Subsequent to an analysis of the Group’s global positioning, it was decided to cease operations of the former IWM business in Paris (since renamed Julius Baer Investments SAS) and to transfer its activities to other entities of the Group in Europe.
40% participation in leading Mexican financial advisory firm NSC Asesores
Julius Baer announced today that it has agreed to acquire, for an undisclosed amount, 40% of NSC Asesores, S.A. de C.V. (NSC), the largest independent financial advisory firm in Mexico. NSC, which is based in Mexico City, manages assets of close to USD 3 billion and has enjoyed strong growth in the past years. The acquisition would mark Julius Baer’s entry in the second largest wealth management market in Latin America.
NSC specialises in discretionary portfolio management and advisory services for high net worth individuals, based on independent and unbiased advice, which makes it a particularly good cultural fit.
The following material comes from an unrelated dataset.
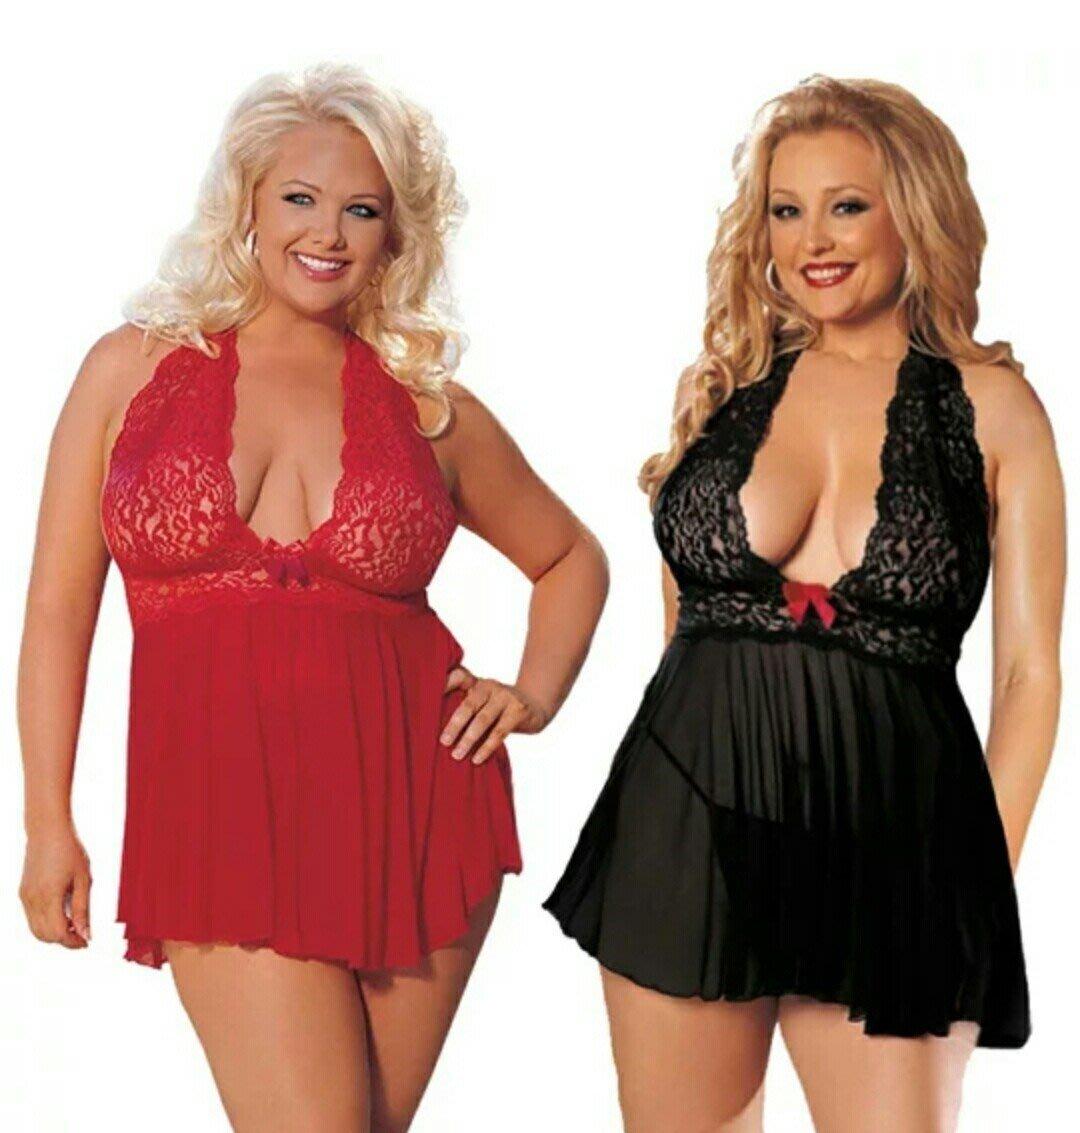 M50 兩色3XL~6XL歐美加大碼低胸蕾絲睡衣 加大碼性感蕾絲拼接睡衣套裝 加大睡衣側開衫 低胸情趣內衣 熱銷歐美

The company was founded in 1989 and is currently led by its 12 partners, of whom Claudio N??ez acts as CEO and Mariv? Esteve as CFO & Head of Strategic Planning. It employs a total staff of 46.
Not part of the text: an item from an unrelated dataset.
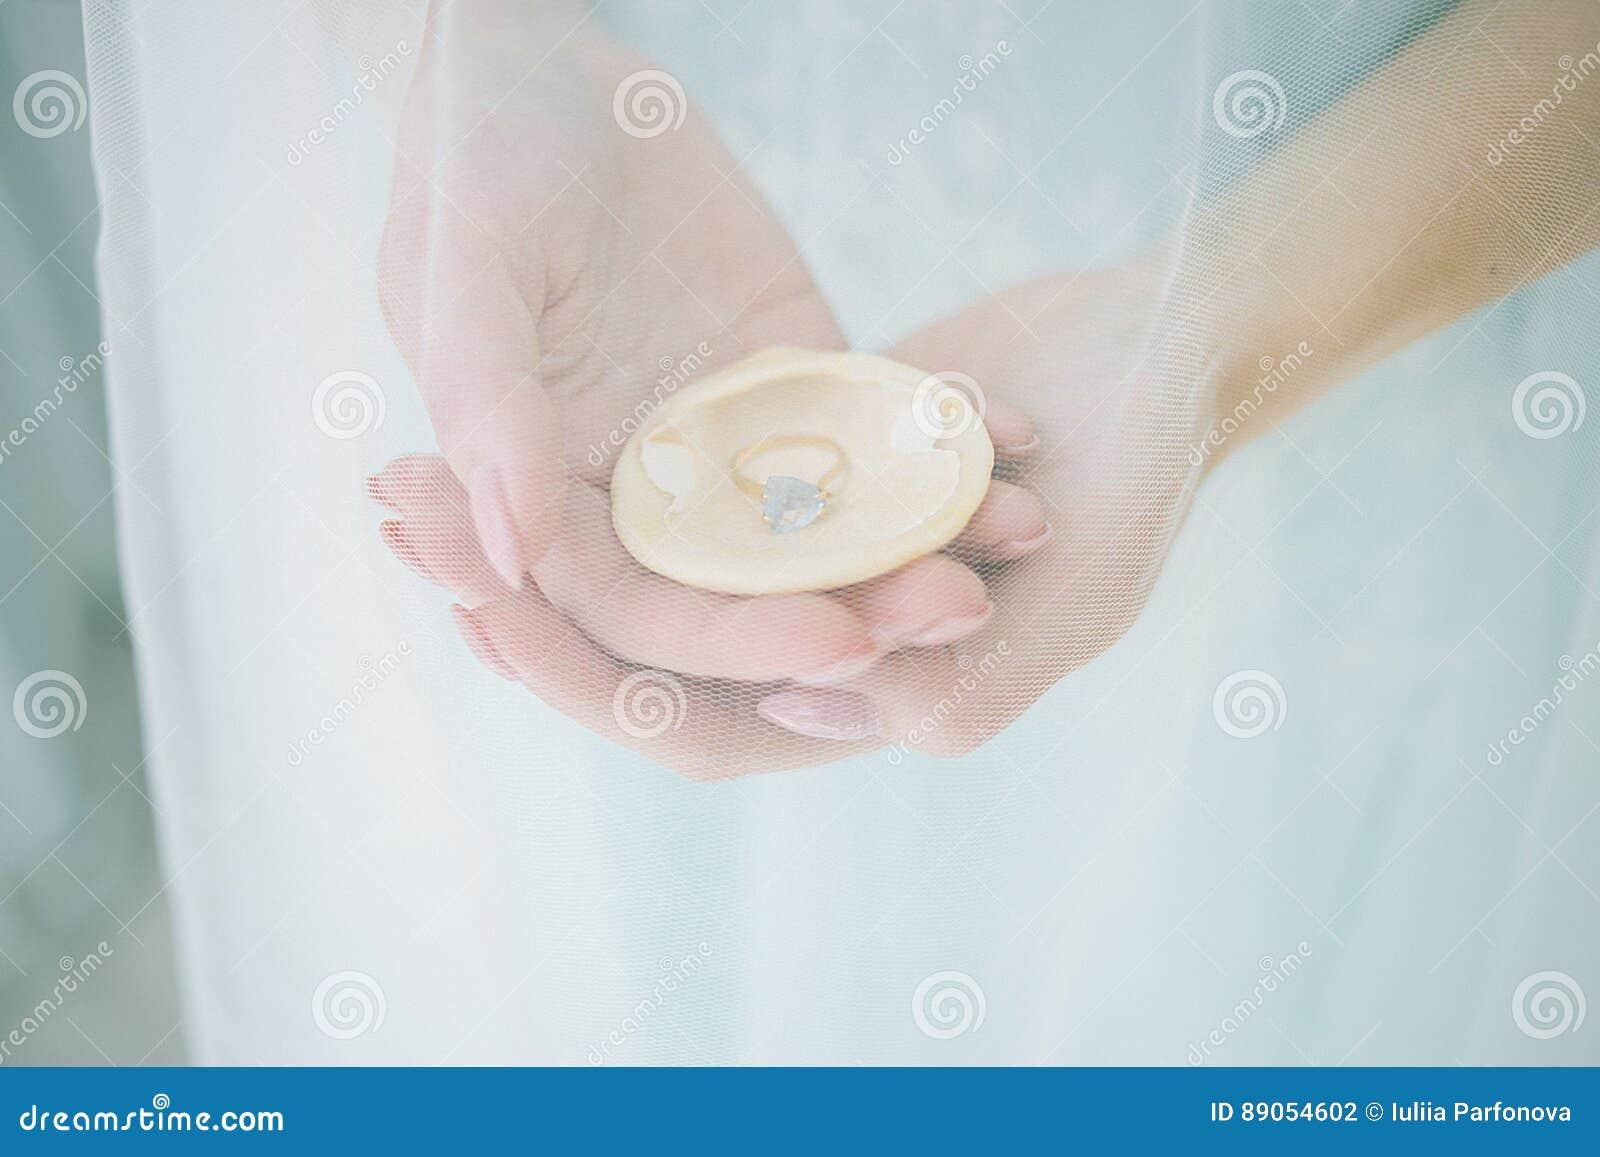 Concha marina en las manos de la novia

The current management team will continue to run the business independently with the existing staff and pursue the same client-focused strategy. Julius Baer will be represented on the Board of Directors of NSC by two members. Both parties are confident that the future close cooperation will add further growth momentum to NSC’s business development.
Julius Baer is the leading Swiss private banking group, with a focus on servicing and advising sophisticated private clients and a premium brand in global wealth management. Julius Baer’s total client assets amounted to CHF 369 billion at the end of June 2015, including CHF 284 billion of assets under management. Bank Julius Baer & Co. Ltd., the renowned Swiss private bank which celebrates its 125th anniversary in 2015, is the principal operating company of Julius Baer Group Ltd., whose shares are listed on the SIX Swiss Exchange (ticker symbol: BAER) and are included in the Swiss Market Index (SMI), comprising the 20 largest and most liquid Swiss stocks.
Julius Baer employs a staff of over 5,000, including more than 1,000 relationship managers, and is present in over 25 countries and some 50 locations. Headquartered in Zurich, we have offices in key locations including Dubai, Frankfurt, Geneva, Hong Kong, London, Lugano, Monaco, Montevideo, Moscow, Singapore and Tokyo. Our client-centric approach, our objective advice based on a unique open product platform, our very strong financial base and our entrepreneurial management culture make us the international reference in private banking.